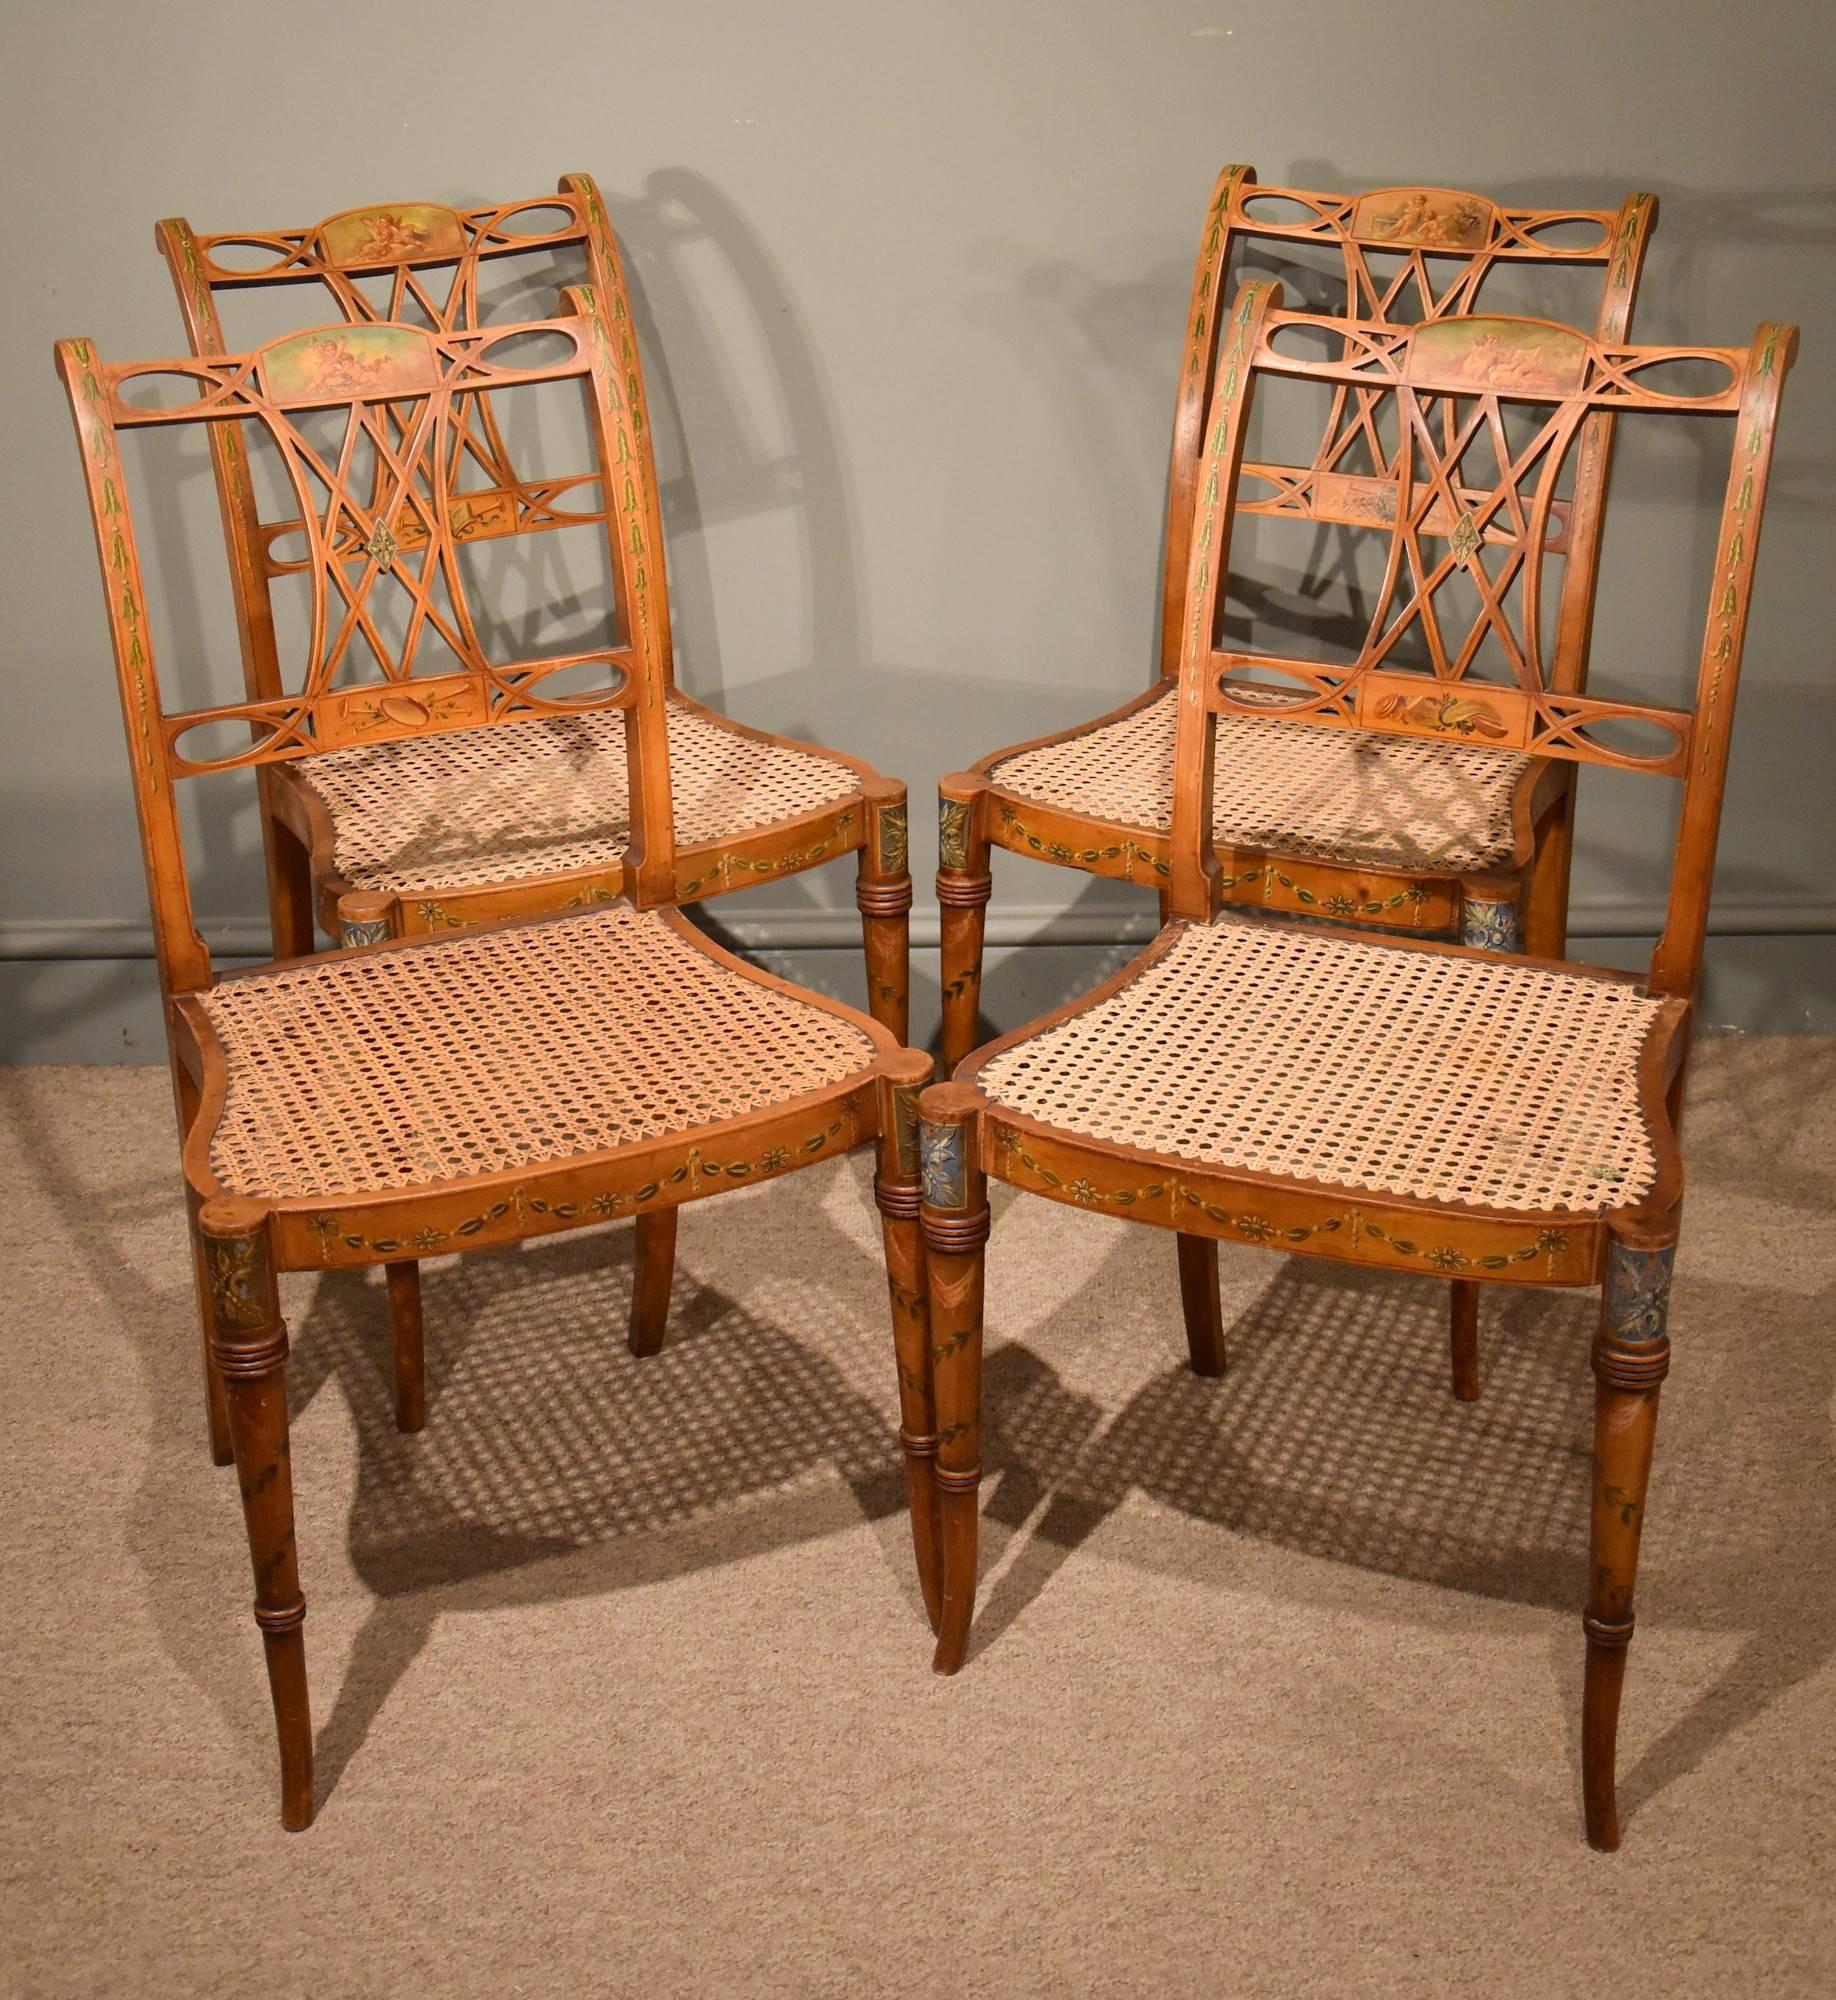 Late 19th century set of four satinwood hand-painted chairs in the style of Edwards and Roberts

Dimensions 
Height 33.5

== TASK GOAL ==
The result should be a verbatim copy of the data, free of pictures.

== OUTPUT FOR THIS EXERCISE ==
 Late 19th century set of four satinwood hand-painted chairs in the style of Edwards and Roberts

Dimensions 
Height 33.5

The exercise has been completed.